数据科学 xgboost

1

是否有关于我应使用的LSTM电池的最小，最大和“合理”数量的经验法则（或实际规则）？具体来说，我与TensorFlow和property 有关的BasicLSTMCell有关num_units。请假设我有以下定义的分类问题： t - number of time steps n - length of input vector in each time step m - length of output vector (number of classes) i - number of training examples 例如，训练示例的数量应该大于： 4*((n+1)*m + m*m)*c c单元数在哪里？我基于此：如何计算LSTM网络的参数数量？据我了解，这应该给出参数的总数，该总数应少于训练示例的数量。

12 rnn machine-learning r predictive-modeling random-forest python language-model sentiment-analysis encoding machine-learning deep-learning neural-network dataset caffe classification xgboost multiclass-classification unbalanced-classes time-series descriptive-statistics python r clustering machine-learning python deep-learning tensorflow machine-learning python predictive-modeling probability scikit-learn svm machine-learning python classification gradient-descent regression research python neural-network deep-learning convnet keras python tensorflow machine-learning deep-learning tensorflow python r bigdata visualization rstudio pandas pyspark dataset time-series multilabel-classification machine-learning neural-network ensemble-modeling kaggle machine-learning linear-regression cnn convnet machine-learning tensorflow association-rules machine-learning predictive-modeling training model-selection neural-network keras deep-learning deep-learning convnet image-classification predictive-modeling prediction machine-learning python classification predictive-modeling scikit-learn machine-learning python random-forest sampling training recommender-system books python neural-network nlp deep-learning tensorflow python matlab information-retrieval search search-engine deep-learning convnet keras machine-learning python cross-validation sampling machine-learning

3

是否有适用于python的好的即用型语言模型？

我正在为一个应用程序制作原型，我需要一个语言模型来计算一些生成的句子的困惑度。我可以随时使用经过训练的python语言模型吗？简单的东西 model = LanguageModel('en') p1 = model.perplexity('This is a well constructed sentence') p2 = model.perplexity('Bunny lamp robert junior pancake') assert p1 < p2 我看过一些框架，但找不到我想要的。我知道我可以使用类似： from nltk.model.ngram import NgramModel lm = NgramModel(3, brown.words(categories='news')) 这在Brown Corpus上使用了很好的图林概率分布，但是我正在一些大型数据集（例如1b单词数据集）上寻找精心设计的模型。

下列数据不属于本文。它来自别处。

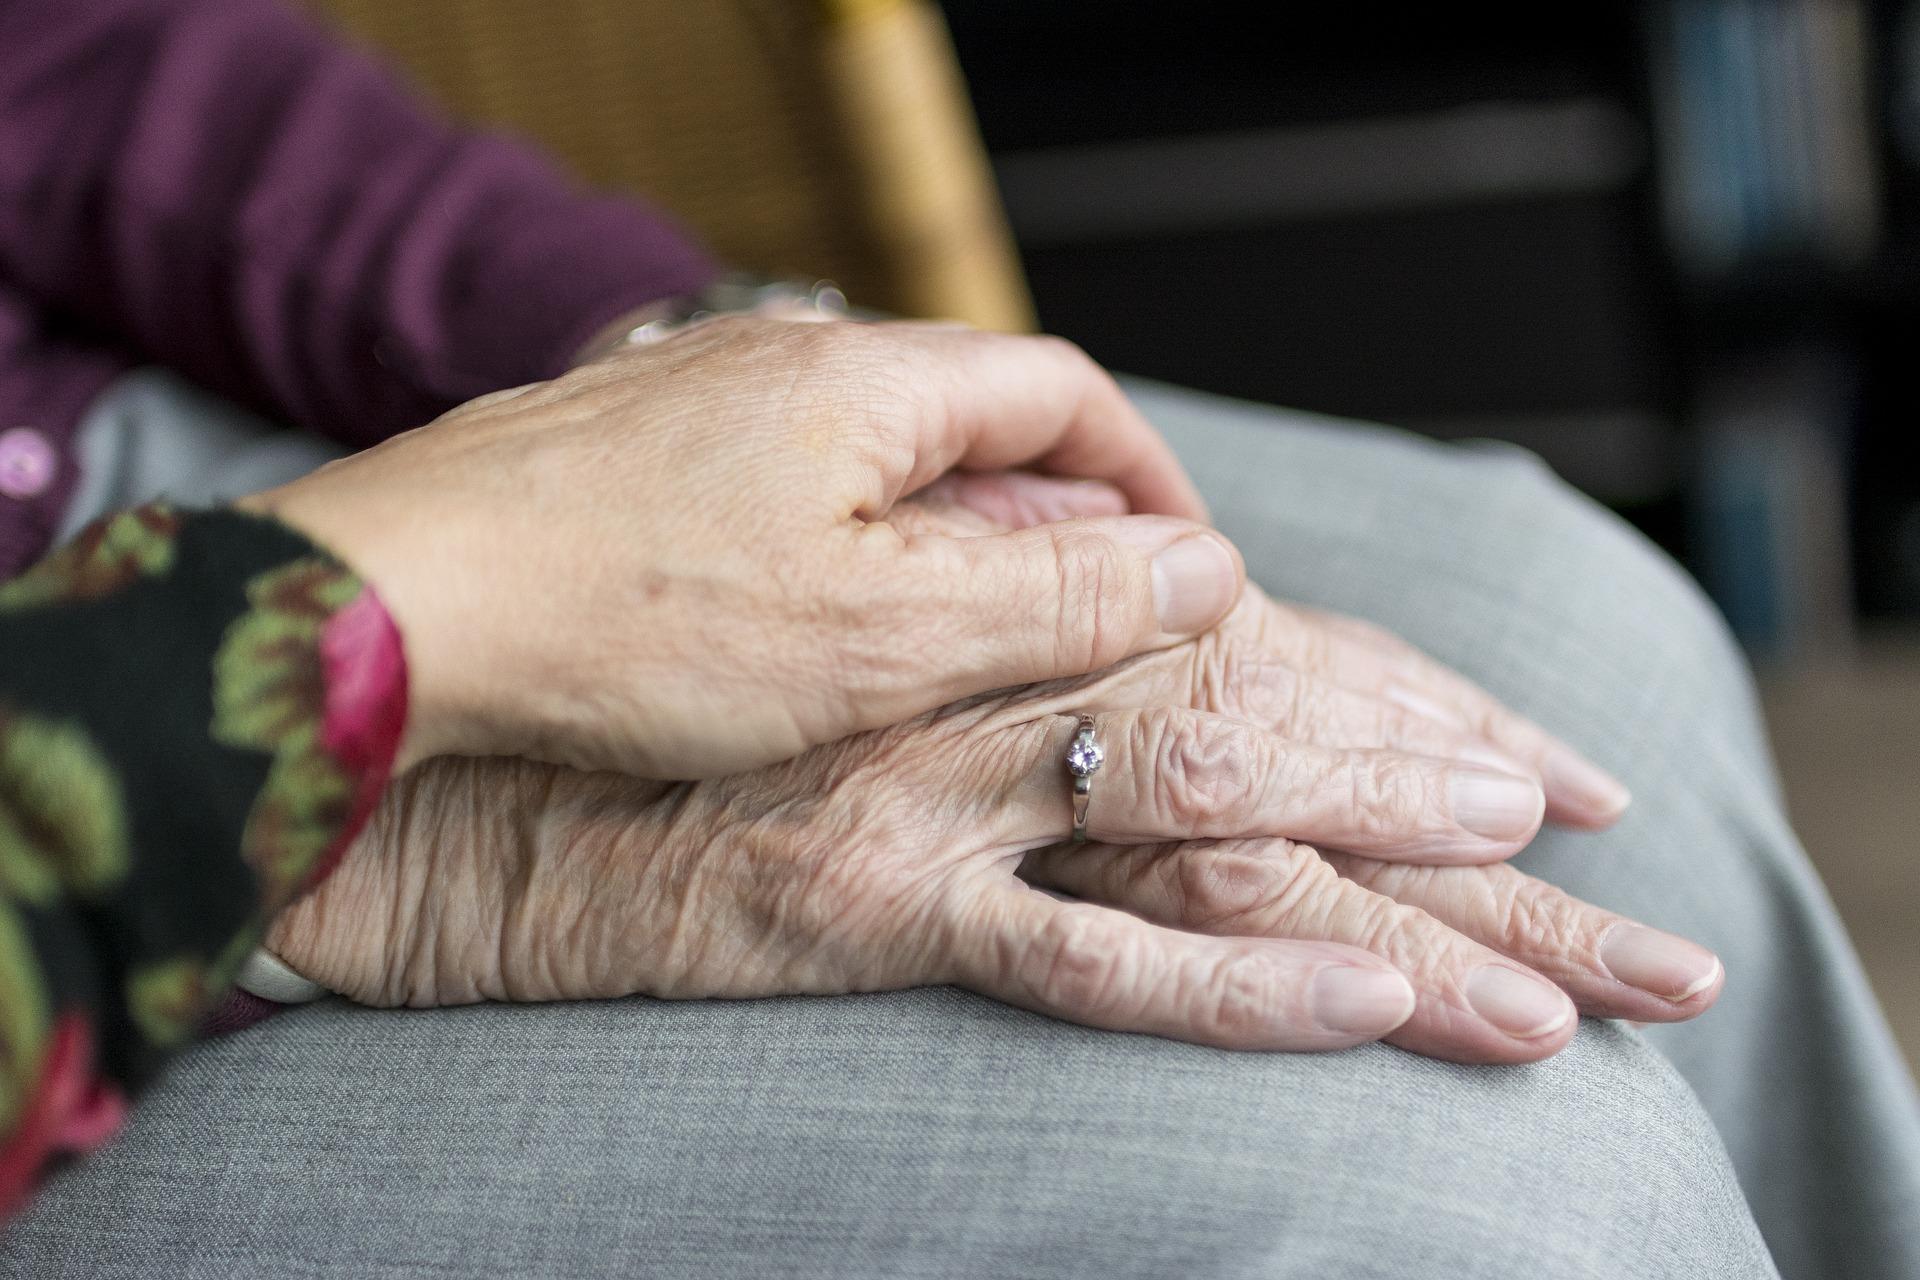 Old Old Age Vulnerable Hands Care Elderly

我可以真正相信一般领域的结果（不仅是新闻）

11 python nlp language-model r statistics linear-regression machine-learning classification random-forest xgboost python sampling data-mining orange predictive-modeling recommender-system statistics dimensionality-reduction pca machine-learning python deep-learning keras reinforcement-learning neural-network image-classification r dplyr deep-learning keras tensorflow lstm dropout machine-learning sampling categorical-data data-imputation machine-learning deep-learning machine-learning-model dropout deep-network pandas data-cleaning data-science-model aggregation python neural-network reinforcement-learning policy-gradients r dataframe dataset statistics prediction forecasting r k-means python scikit-learn labels python orange cloud-computing machine-learning neural-network deep-learning rnn recurrent-neural-net logistic-regression missing-data deep-learning autoencoder apache-hadoop time-series data preprocessing classification predictive-modeling time-series machine-learning python feature-selection autoencoder deep-learning keras tensorflow lstm word-embeddings predictive-modeling prediction machine-learning-model machine-learning classification binary theory machine-learning neural-network time-series lstm rnn neural-network deep-learning keras tensorflow convnet computer-vision

3

XGboost-由模型选择

我正在使用XGboost预测保险索赔的2类目标变量。我有一个在另一个数据集上运行的模型（交叉验证训练，超参数调整等...）。我的问题是：有没有办法知道为什么一个给定的要求会受到一个类别的影响，即解释模型选择的特征？目的是能够向第三方人员证明机器所做的选择是合理的。感谢您的回答。

10 xgboost

1

梯度提升树：“变量越大越好”？

从XGBoost 的教程中，我认为当每棵树长大时，将扫描所有变量以选择拆分节点，然后选择具有最大增益拆分的变量。所以我的问题是，如果我将一些噪声变量添加到数据集中，这些噪声变量会影响变量选择（对于每棵树生长）吗？我的逻辑是，由于这些噪声变量根本不会给出最大的增益分配，因此将永远不会选择它们，因此它们不会影响树的生长。如果答案是肯定的，那么“ XGBoost变量越多越好”是真的吗？我们不考虑培训时间。同样，如果答案是肯定的，那么“我们不需要从模型中滤除非重要变量”是否成立。谢谢！

10 xgboost self-study

1

XGBoost线性回归输出不正确

我是XGBoost的新手，请原谅我的无知。这是python代码： import pandas as pd import xgboost as xgb df = pd.DataFrame({'x':[1,2,3], 'y':[10,20,30]}) X_train = df.drop('y',axis=1) Y_train = df['y'] T_train_xgb = xgb.DMatrix(X_train, Y_train) params = {"objective": "reg:linear"} gbm = xgb.train(dtrain=T_train_xgb,params=params) Y_pred = gbm.predict(xgb.DMatrix(pd.DataFrame({'x':[4,5]}))) print Y_pred 输出为： [ 24.126194 24.126194] 如您所见，输入数据只是一条直线。所以我期望的输出是[40,50]。我在这里做错了什么？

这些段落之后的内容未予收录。